### Information supplied

::::::

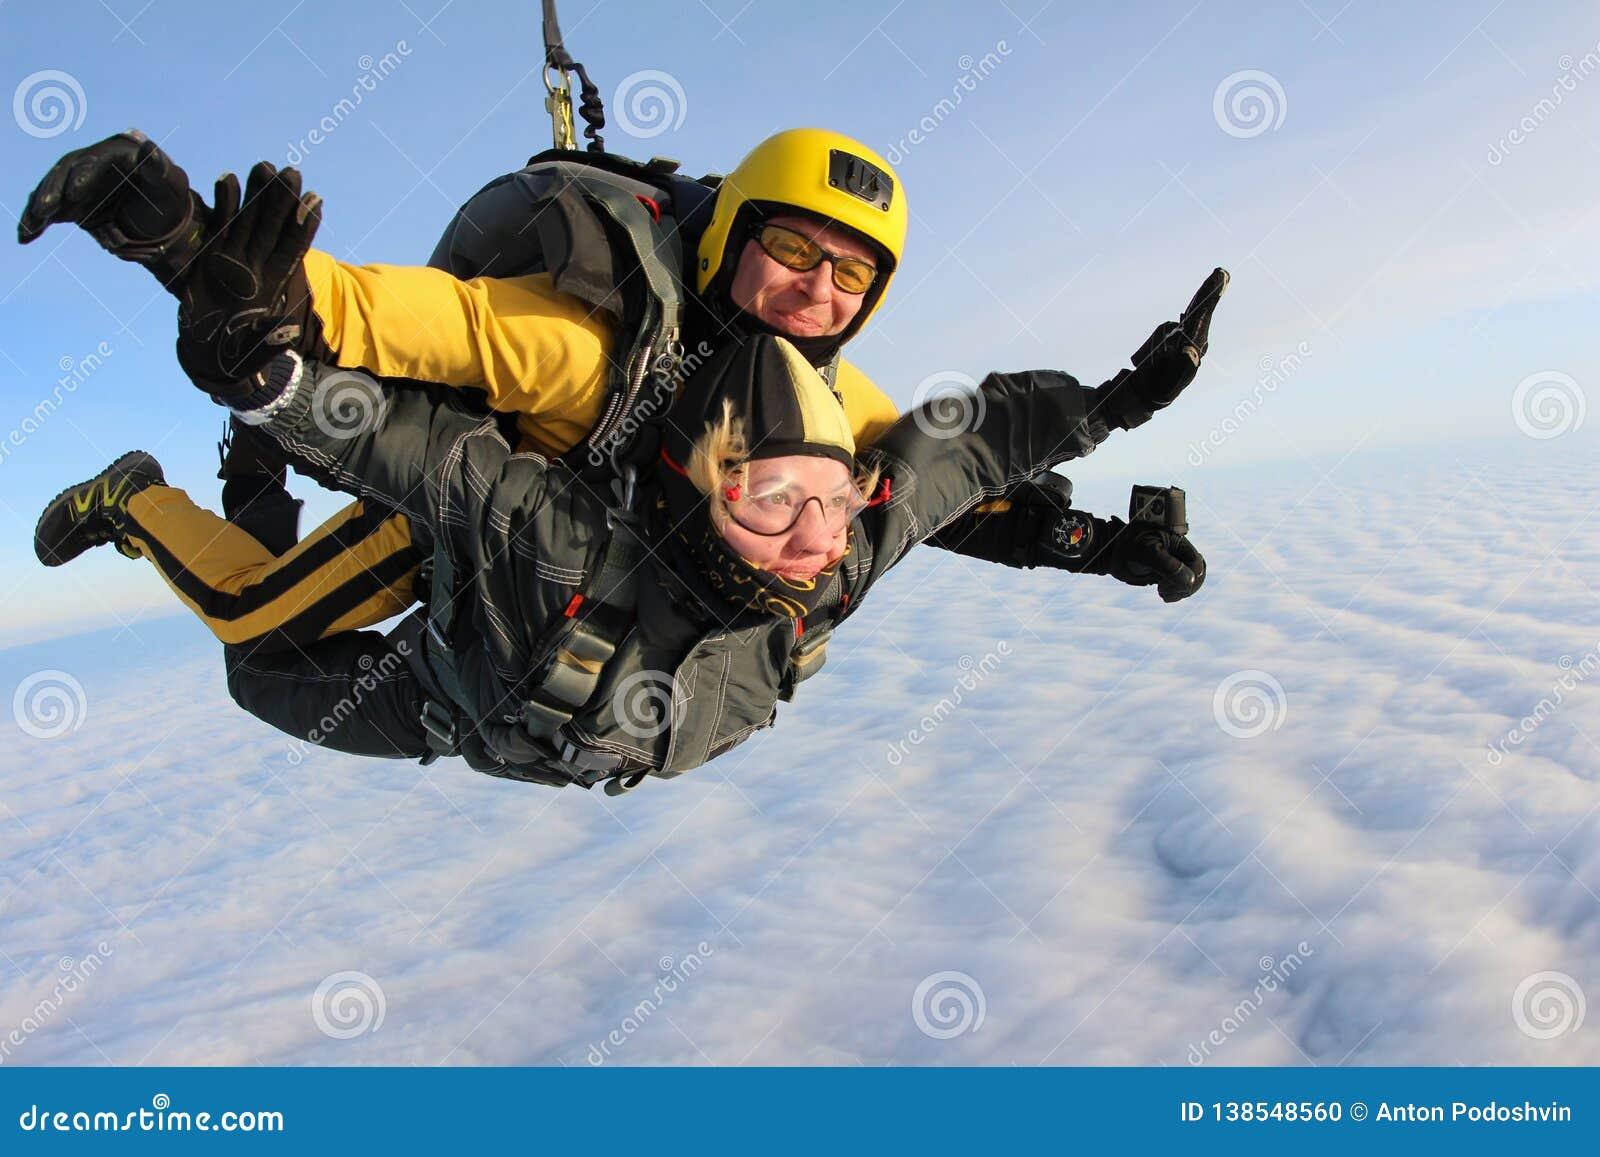 Lanciar in caduta liberasi in tandem I paracadutisti stanno volando sopra le nuvole bianche
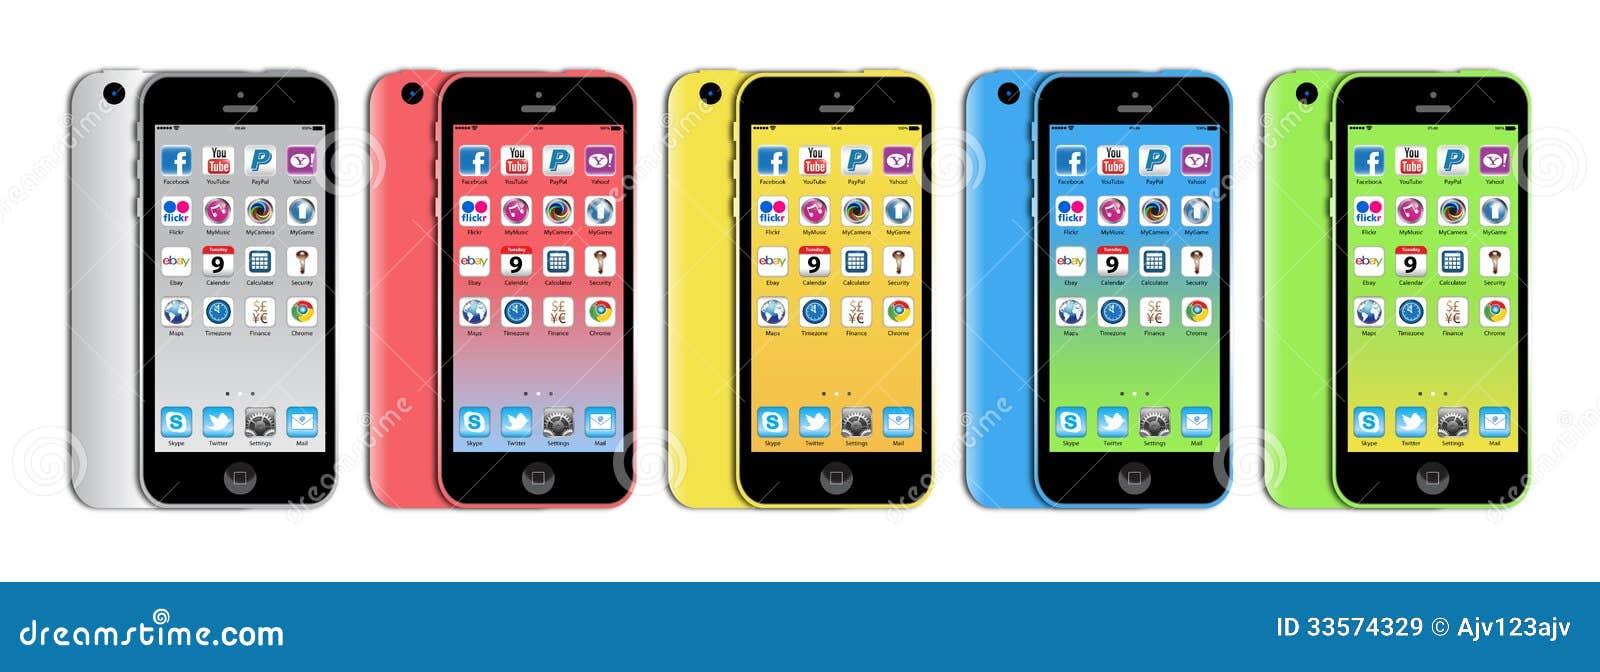 Iphone nuovo 5c di Apple
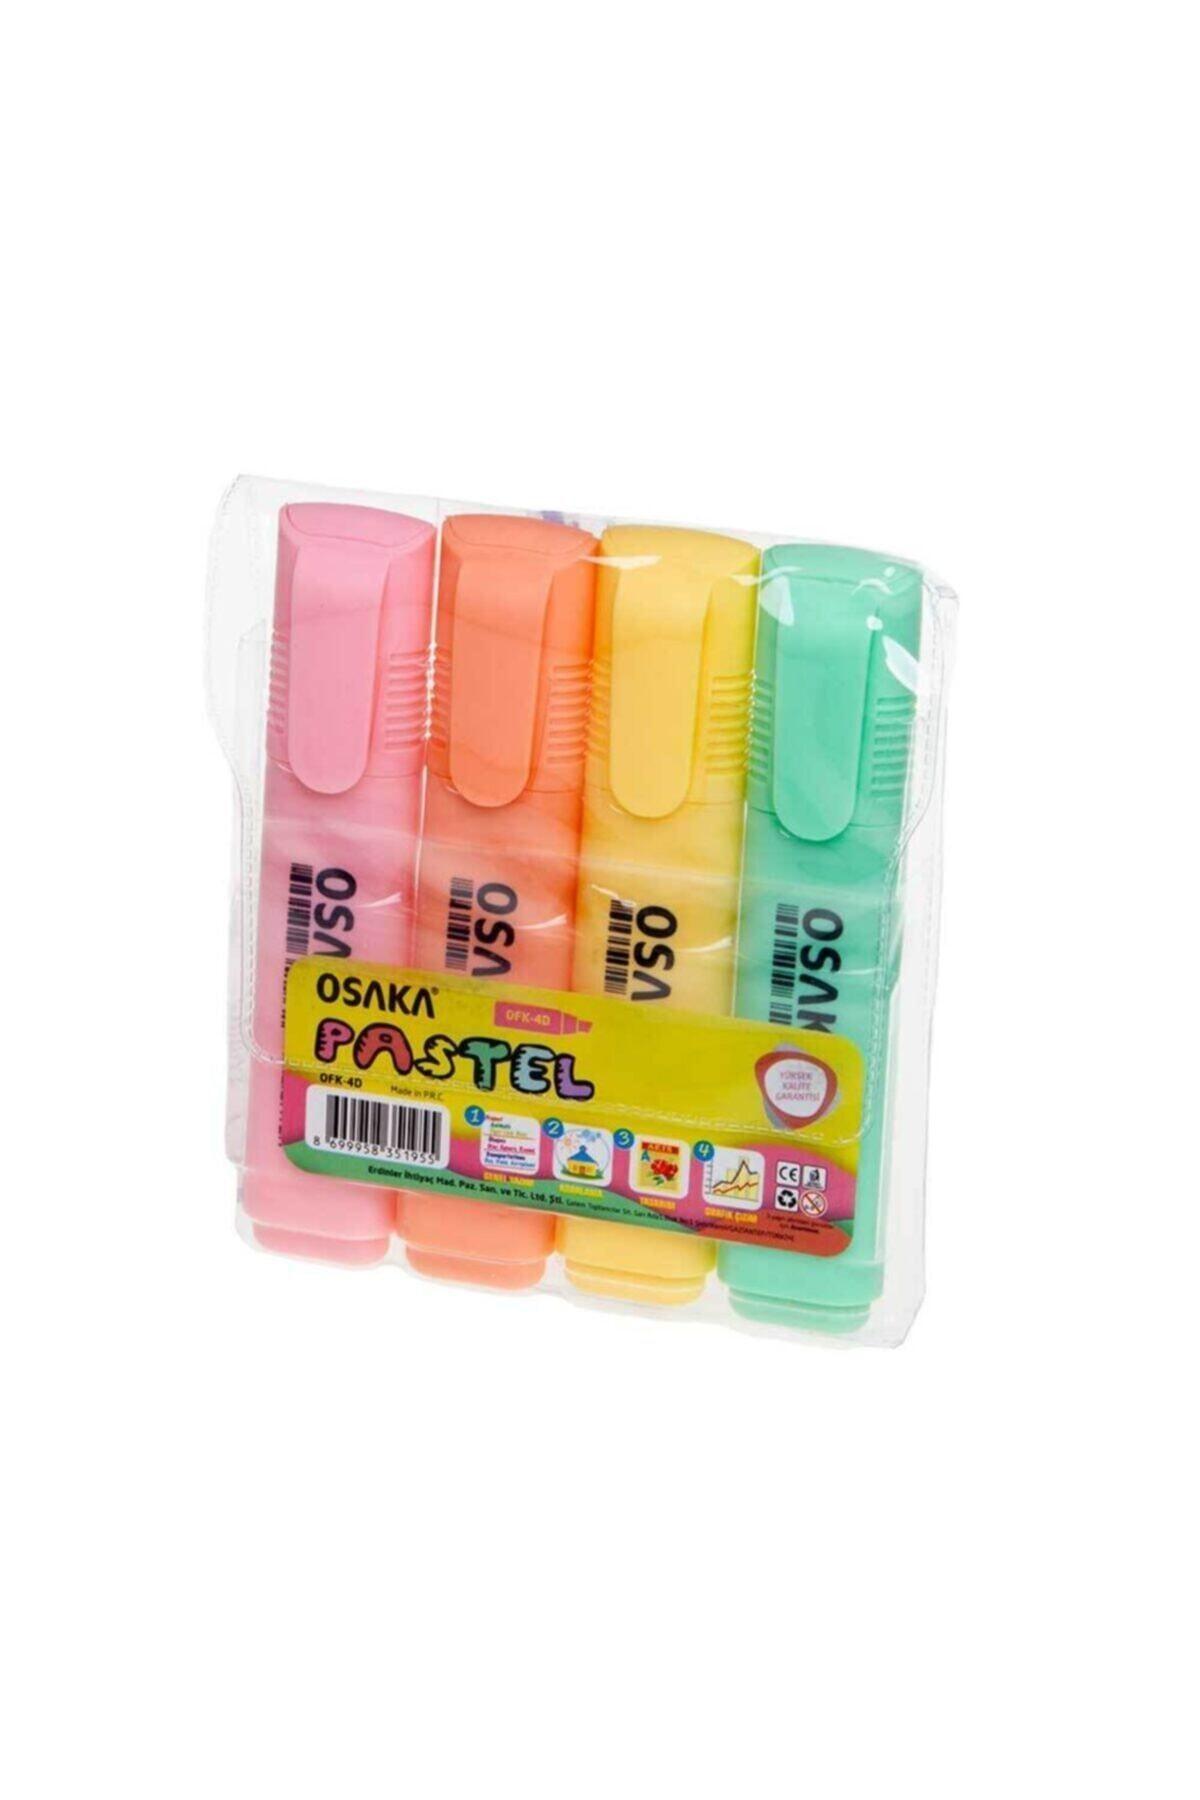 Osaka 4 Renk Pastel Renkli Fosforlu Kalem 1
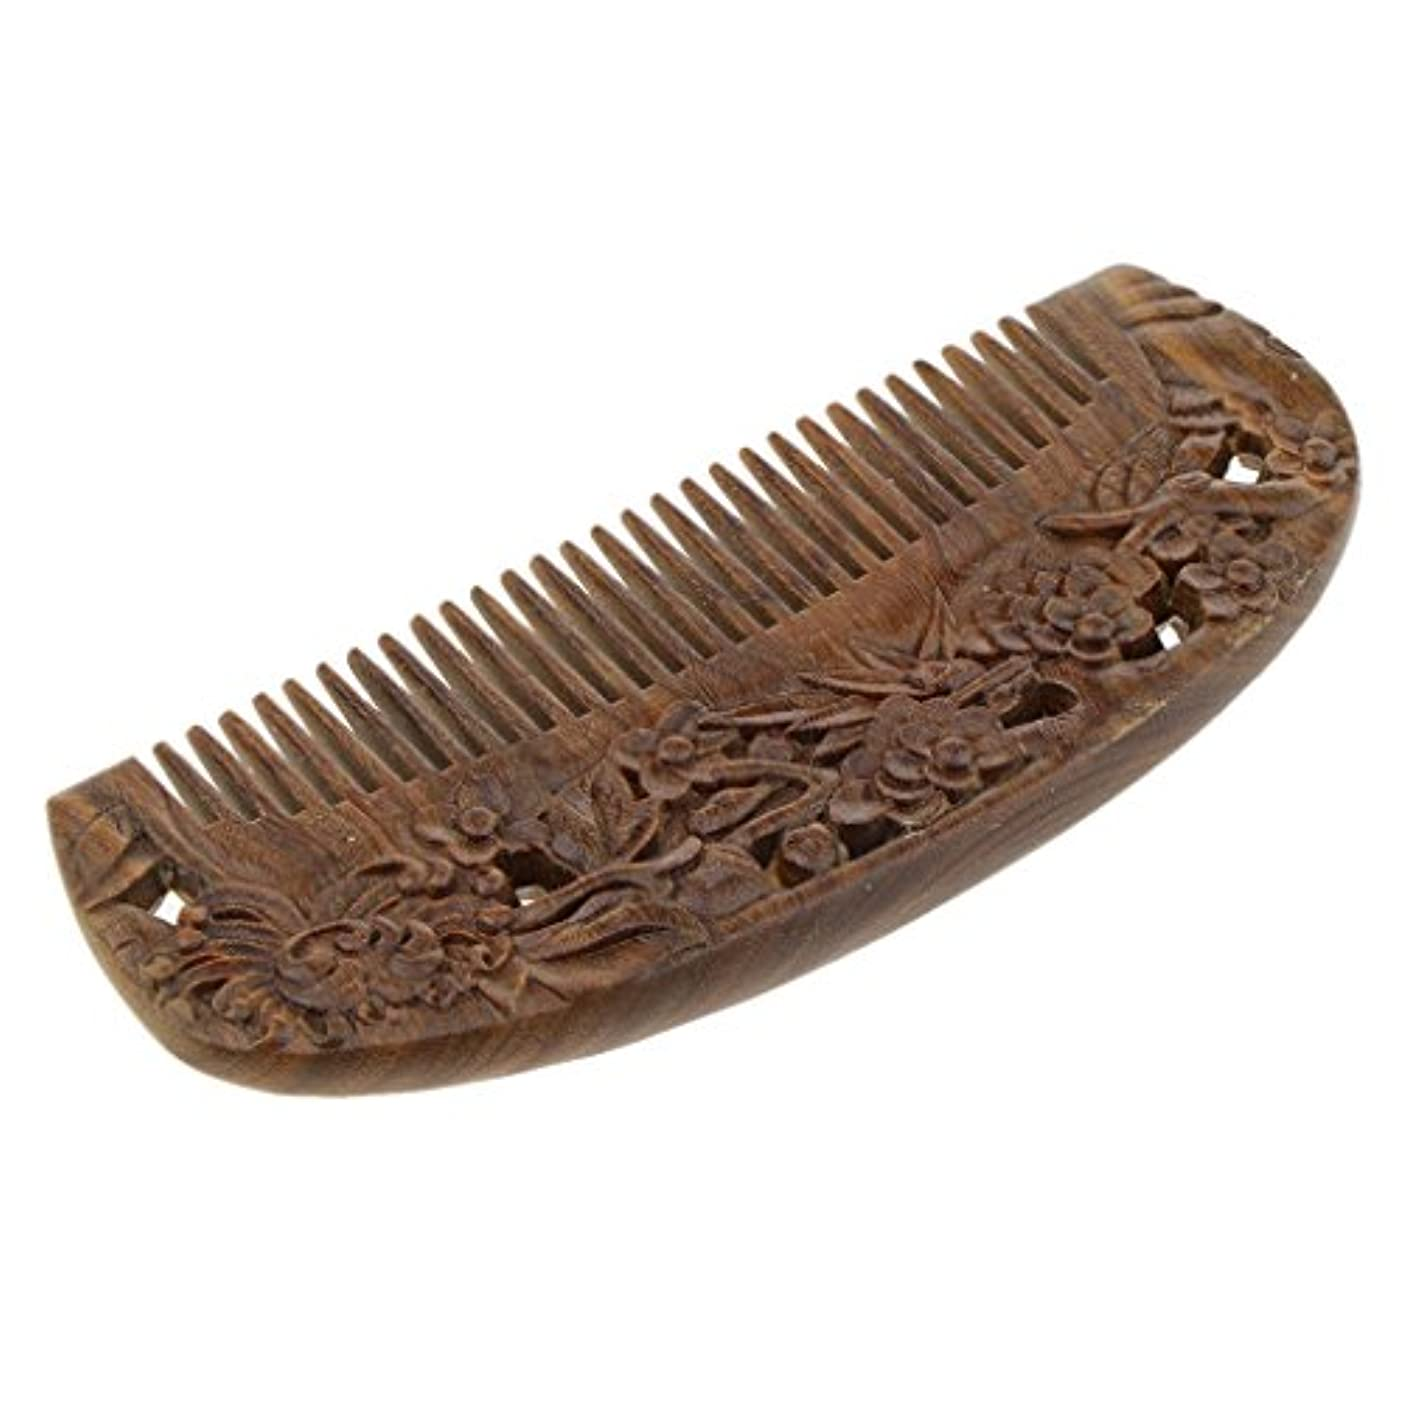 息子抑制シールド全2種類 ウッドコーム ワイド歯 ヘアブラシ 頭皮マッサージ 木製コーム ヘアスタイリング - #2

::::::

### Aim of the task
The expected output is every line of the data, unchanged, with the pictures skipped.

### Reply to the task
 Lanciar in caduta liberasi in tandem I paracadutisti stanno volando sopra le nuvole bianche
 Iphone nuovo 5c di Apple
 Osaka 4 Renk Pastel Renkli Fosforlu Kalem 1
 息子抑制シールド全2種類 ウッドコーム ワイド歯 ヘアブラシ 頭皮マッサージ 木製コーム ヘアスタイリング - #2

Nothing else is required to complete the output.